The disposition of shares acquired by exercise of an incentive
stock option at any time after the death of the participant will not be treated
as a disqualifying disposition.
If a participant exercises an incentive stock option more than
three months after termination of employment for reasons other than
disability or death or more than one year after termination because of
disability, then such option will be treated in the same manner as a non-
qualified stock option.
(f) A participant will not recognize any income by reason of
delivery of shares acquired by a prior exercise of an incentive stock option
as payment for shares acquired by exercise of an incentive stock option if
such delivery is not a disqualifying disposition. If delivery of such shares
is a disqualifying disposition, the difference between the fair market value
of the shares so delivered on the date of such prior exercise and the option
price of such shares will be treated as taxable compensation to the
participant in the year of such disposition.
(g) If a participant pays the option price for shares acquired
by exercise of an incentive stock option in cash, his basis for such shares
will be equal to the amount paid. If a participant delivers shares in payment
of such option price, under proposed Treasury Department regulations, the
participant's basis for a number of shares received equal to the number of
shares delivered will be the same as for the shares delivered except that the
basis for such shares will be increased by income recognized if such delivery
constitutes a disqualifying disposition of the delivered shares. The holding
period for a number of shares received equal to the number of shares
delivered shall be the same as that of the shares delivered, except for
purposes of determining whether there is subsequently a disqualifying
disposition of the shares received. The basis of the shares received in
excess of the number of shares delivered will be zero. Any disqualifying
disposition of stock acquired by delivery of previously acquired shares is
deemed to be a disposition of the stock with the lowest basis.

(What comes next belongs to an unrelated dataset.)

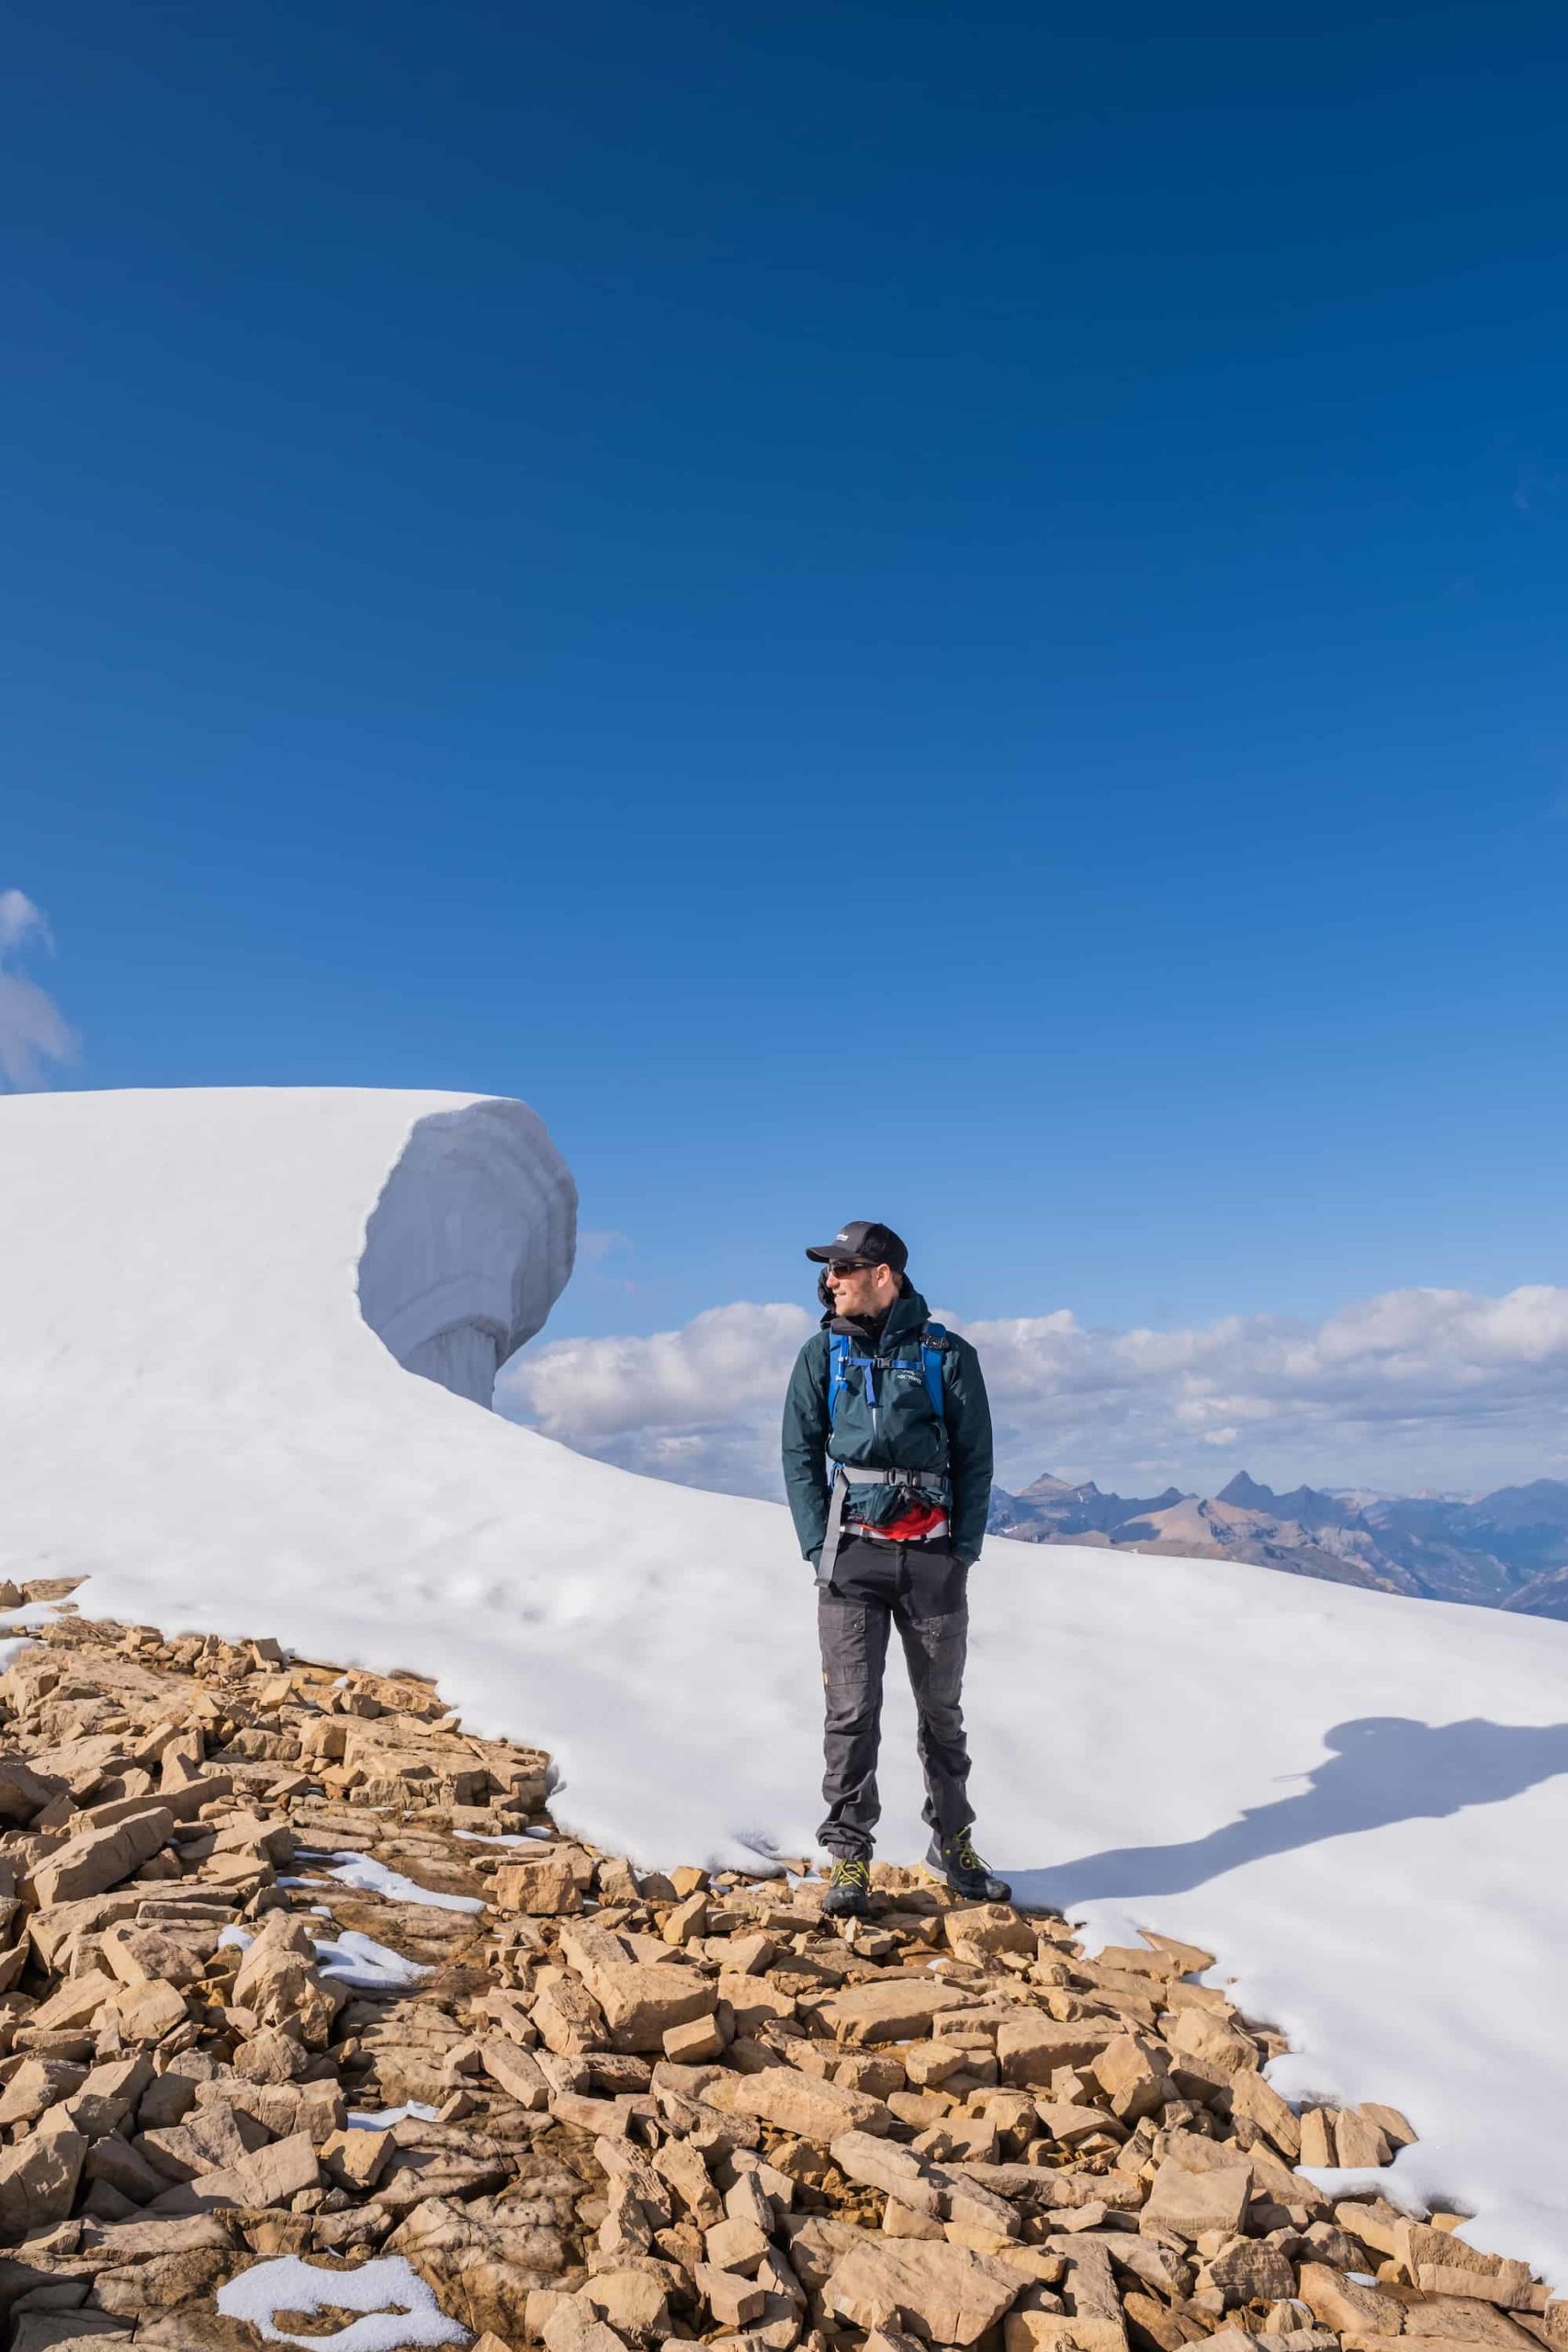 cornice at the summit of observation peak

(h) Effective for taxable years beginning after December 31,
1990 net long-term capital gains are eligible for a maximum marginal
income tax rate limitation.
The foregoing is only a summary of the applicable federal
income tax laws and should not be relied upon as being a complete
statement. Further, the income tax laws may change after the date of this
document. A participant should consult his own tax advisor with respect to
specific federal, state and other tax consequences of his participation in the
Plan.
-9-
<PAGE>
RESALE RESTRICTIONS
The Plan does not impose restrictions upon the resale by
participants of Common Stock acquired under the Plan. However, under
the federal securities laws, participants who are deemed to be "affiliates" of
Zenith are restricted in the resale of Common Stock owned by them
(whether acquired under the Plan or otherwise). For this purpose, an
"affiliate" of Zenith is any person who controls Zenith, is controlled by
Zenith, or is under common control with Zenith, whether directly or
indirectly through one or more intermediaries.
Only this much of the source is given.